Common obstacles and how to overcome them
Many parents, when they first hear about “banking time,” think: “I don’t even have ten minutes.” But practical experience shows that the problem is more rarely in the actual lack of time, and more often in the feeling of being overloaded and the belief that “real quality time” must be planned for hours. Here the point is the opposite: precisely because it is about a short, clearly delimited period, it is easier to incorporate it into the day, even during the busiest periods.
Another common obstacle is the adult’s discomfort when they need to stop “teaching” and simply follow the child. Some parents have a feeling that they are not doing enough if they do not give advice or instruction. It is important to remind oneself that “banking time” is a specific space in which the goal is building relationships, not transferring knowledge. In other parts of the day, there is still room for learning, boundaries, and explanations.
The third difficulty is the child’s resistance, especially if the connection is already marked by frequent criticism and arguments. In such situations, it is not unusual for the child to initially refuse the invitation to spend time together or turn it into a provocation. The experts’ recommendation is for the adult to remain patient, consistent, and for “banking time” to start with very simple, less intense activities – for example drawing or stacking blocks with music in the background – without pressure to achieve a “deep conversation.”

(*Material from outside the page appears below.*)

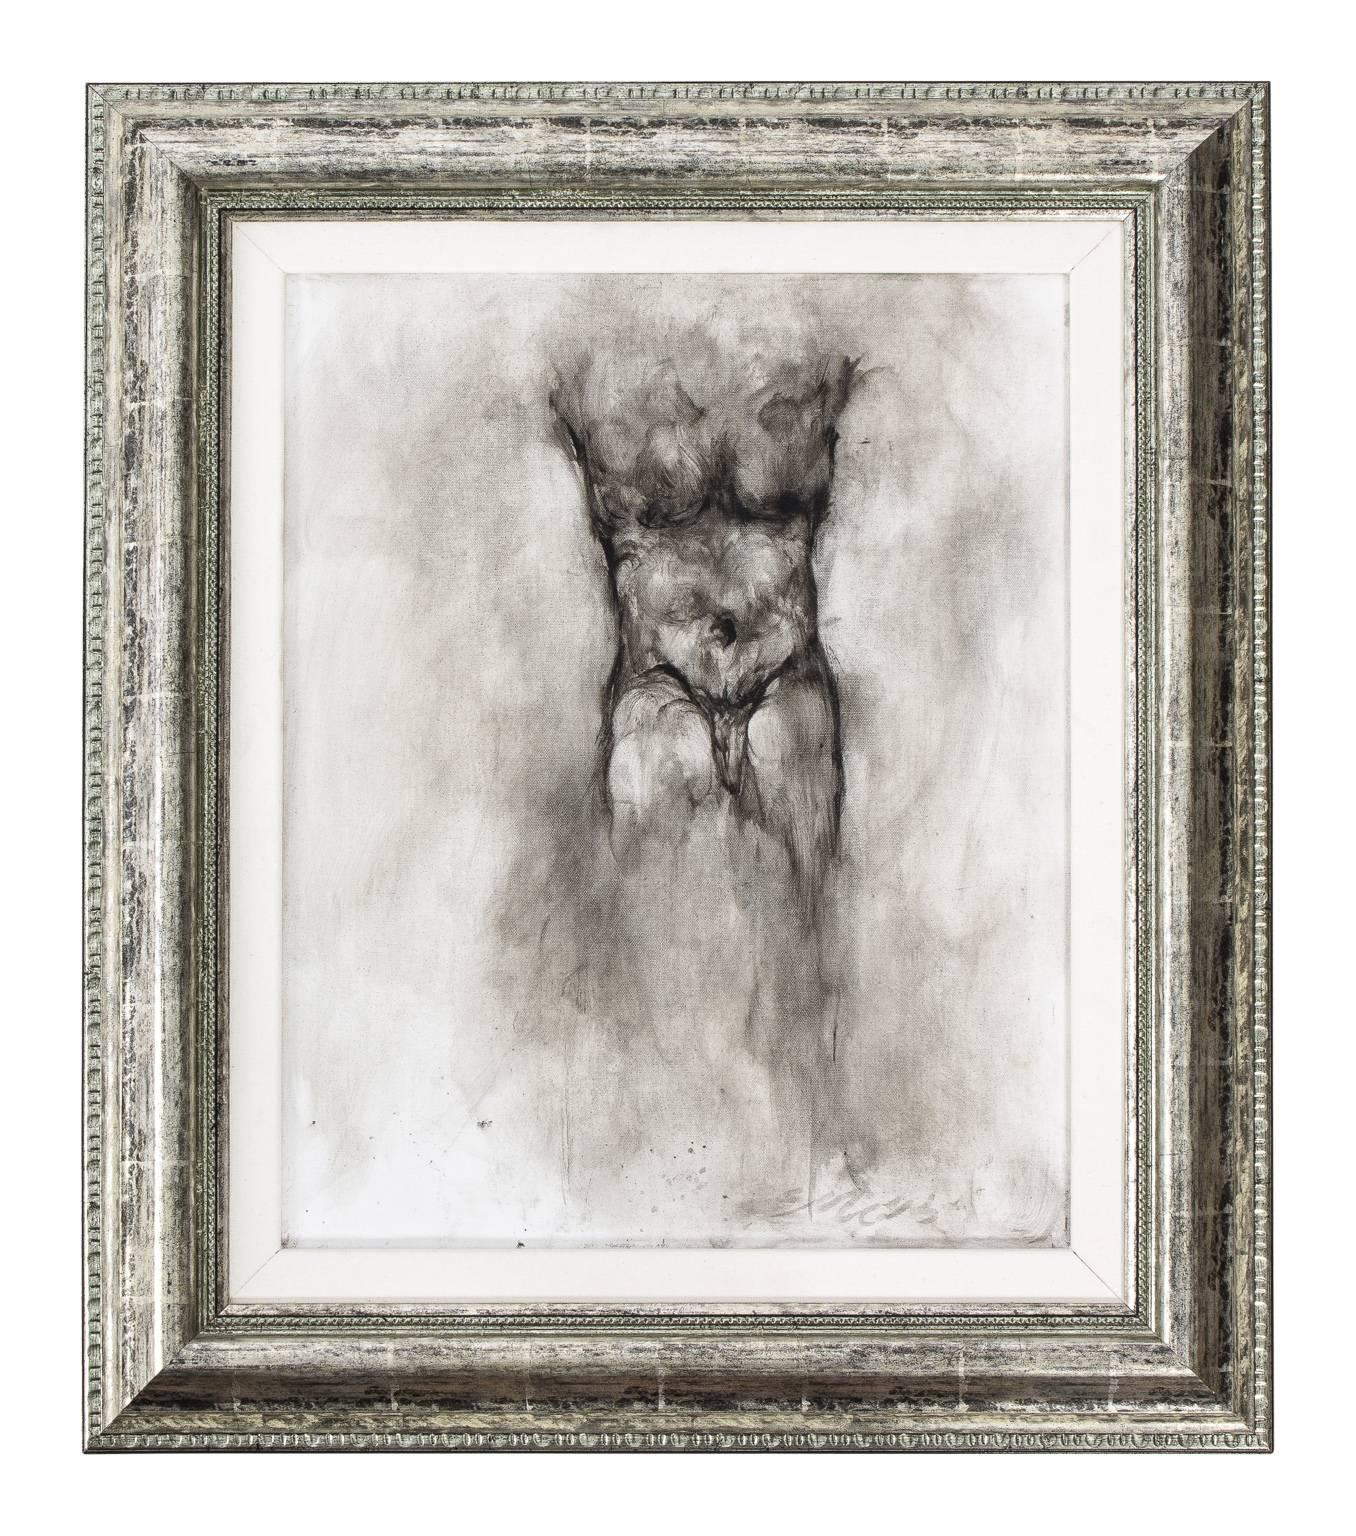 nude male drawings

“Banking time” as an investment in the future of the relationship
Although it originated in a scientific and educational context, “banking time” is easily translated into the language of everyday life. No special toys, large spaces, or complex preparations are needed for it. What is needed above all is the intention to create a small, regular space in which the child leads, and the adult follows – and to protect that space as precious, just as a savings account is protected into which funds are slowly, but surely deposited.
As the family approaches the new year, many adults think about resolutions: fewer screens, more movement, healthier eating. “Banking time” offers a different kind of promise – investing in the quality of relationships, which are the foundation for everything else. A few intentional, short meetings a week cannot remove all difficulties, but can create a feeling that at the center of family life are not tasks, but people – adults and children – who learn to see, hear, and accept each other.